Jun 06, 2024

Building real-time leaderboards with Tinybird

Leaderboards aren’t just for games. In this post, you’ll learn how and why leaderboards can help you drive engagement in your app and how to build your first one quickly with Tinybird.
Jim Moffitt
Developer Advocate
Free Training: Build Real-Time Leaderboards
Learn how to build a real-time leaderboard from end-to-end in our online free training on June 11th. Register here.

What is a leaderboard?

Leaderboards are a visual representation that ranks things by one or more attributes. For gaming use cases, commonly displayed attributes include total points scored, high game scores, and number of games played. 

But leaderboards are used for far more than games. For example, app developers use leaderboards to display miles biked, donations raised, documentation pages visited most often, and countless other examples where there is some user attribute that can be ranked to compare results. 

An example of a leaderboard for an HR application

As users complete some ‘level’, completing a game or completing some task for example, an event is created and posted to the app’s backend, where the data is stored.

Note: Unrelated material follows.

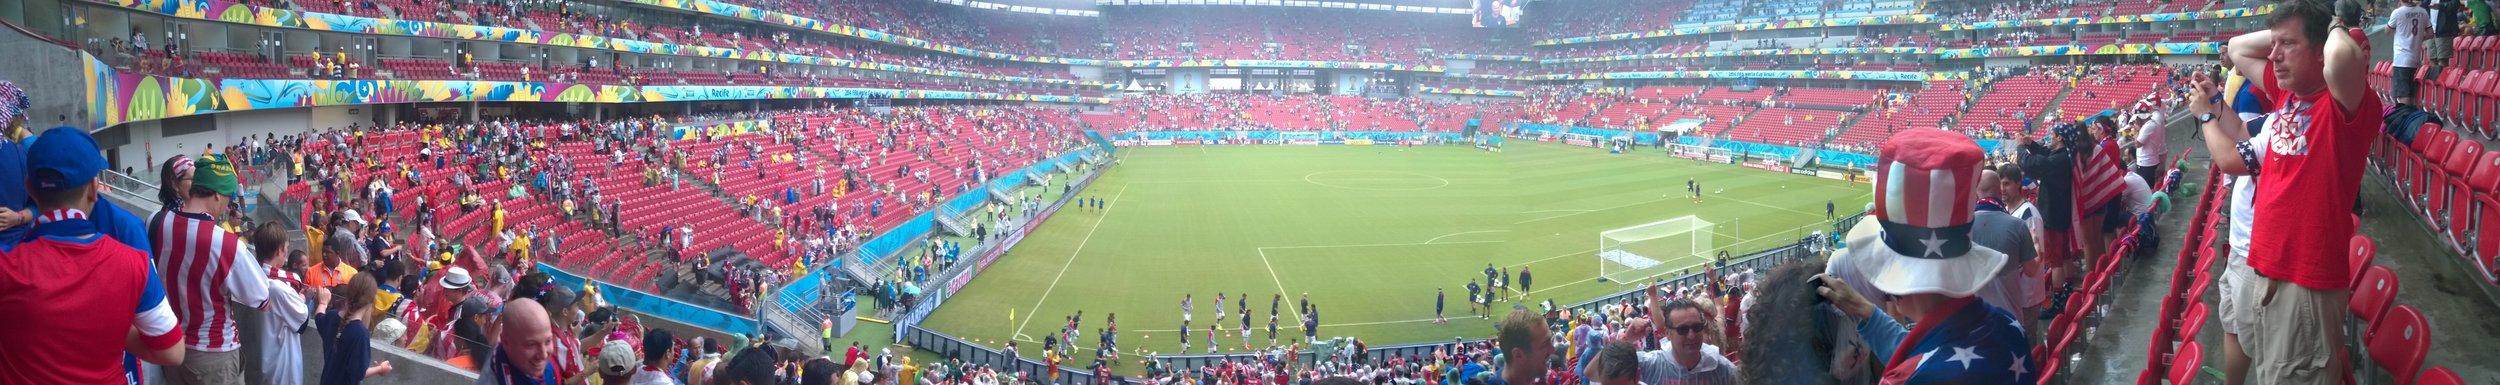 Arena Pernambuco in all of its glory

When triggered by a user event, the event data are retrieved and analyzed, in this case sorted and ranked, to generate the results.  Finally, there is a publication layer that makes it possible to render the leaderboard in the user’s interface. This ‘client display of server-side-generated content’ can generally be referred to as embedded analytics or user-facing analytics, and there are many ways to accomplish it. The most common method is applications designed to make an API call to a server to retrieve fresh data, and then render the results locally on the client. 

Building leaderboards involves collecting and storing new data, sorting and ranking it, and making the data sets available to your users. Leaderboards typically leverage a concise data schema with just a user or item name, the ranked attribute, and a timestamp. Ranking algorithms can be based on a single score, time-based metrics, or weighted combinations of factors. 

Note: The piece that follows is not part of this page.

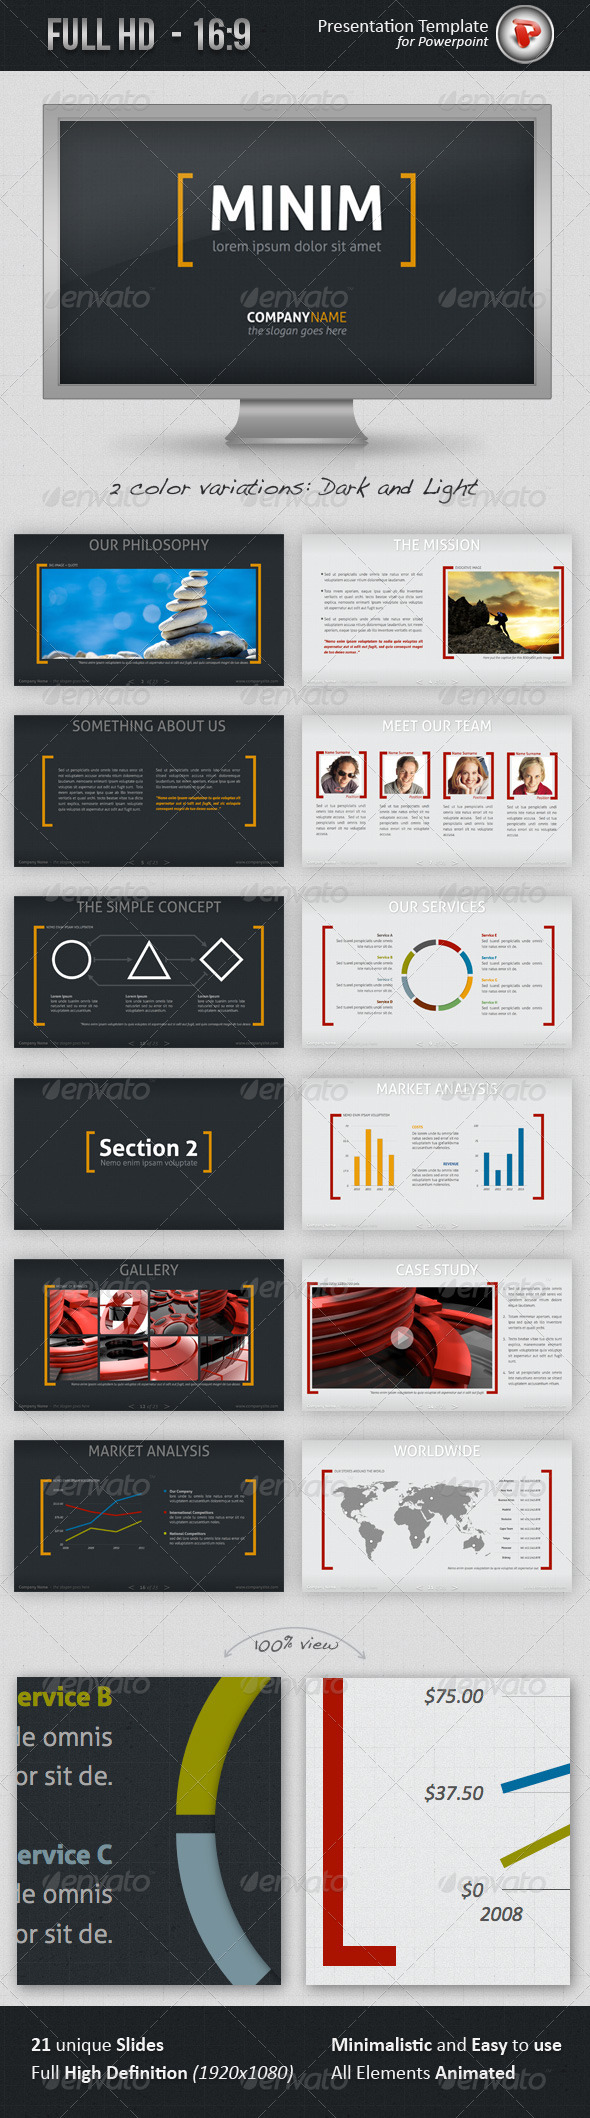 GraphicRiver Minim Powerpoint Template 3127588

Leaderboards can have different scopes. Some may be completely public across the application. Imagine a game where users share a public leaderboard of top scores. Others may have an “invited-group” scope, where there are team leaderboards. This type of leaderboard is common for customer service and fitness groups. And finally, there are leaderboards that are private for each user, common in finance and education use cases. Regardless of the data visibility required by your application, security, tokens, and row-level security will be part of your design.  

Leaderboards are a compelling example of user-facing analytics, but the applications extend far beyond competition and gamification. Real-time data is crucial for the effectiveness of all using-facing analytics, empowering users with the most up-to-date information. For instance, Canva, a design platform, leverages Tinybird’s real-time analytics and developer experience to build features that shows customers live analytics on content views and engagement. Another example is Vercel, a web development platform, which relies on Tinybird to power their real-time user-facing analytics. These features show customers website performance, usage statistics, and up-to-the-second hosting fees.  

As data volumes and velocities increase, the challenge is how to ingest that data, process and transform it, and make data sets available in real-time. When building leaderboards in your application, consider methods that allow for real-time delivery of results to many concurrent users. 

Why would I want to implement a leaderboard?

When effectively designed, leaderboards can be fun, encourage engagement, and provide motivation. 

Leaderboards help you increase user engagement. Real-time updates ensure users see the latest rankings, creating a dynamic and gamified environment. Imagine a fitness app where users compete on a real-time leaderboard for most miles biked in a week. Every ride contributes instantly to their position, motivating them to stay active and check back frequently to see their progress relative to others.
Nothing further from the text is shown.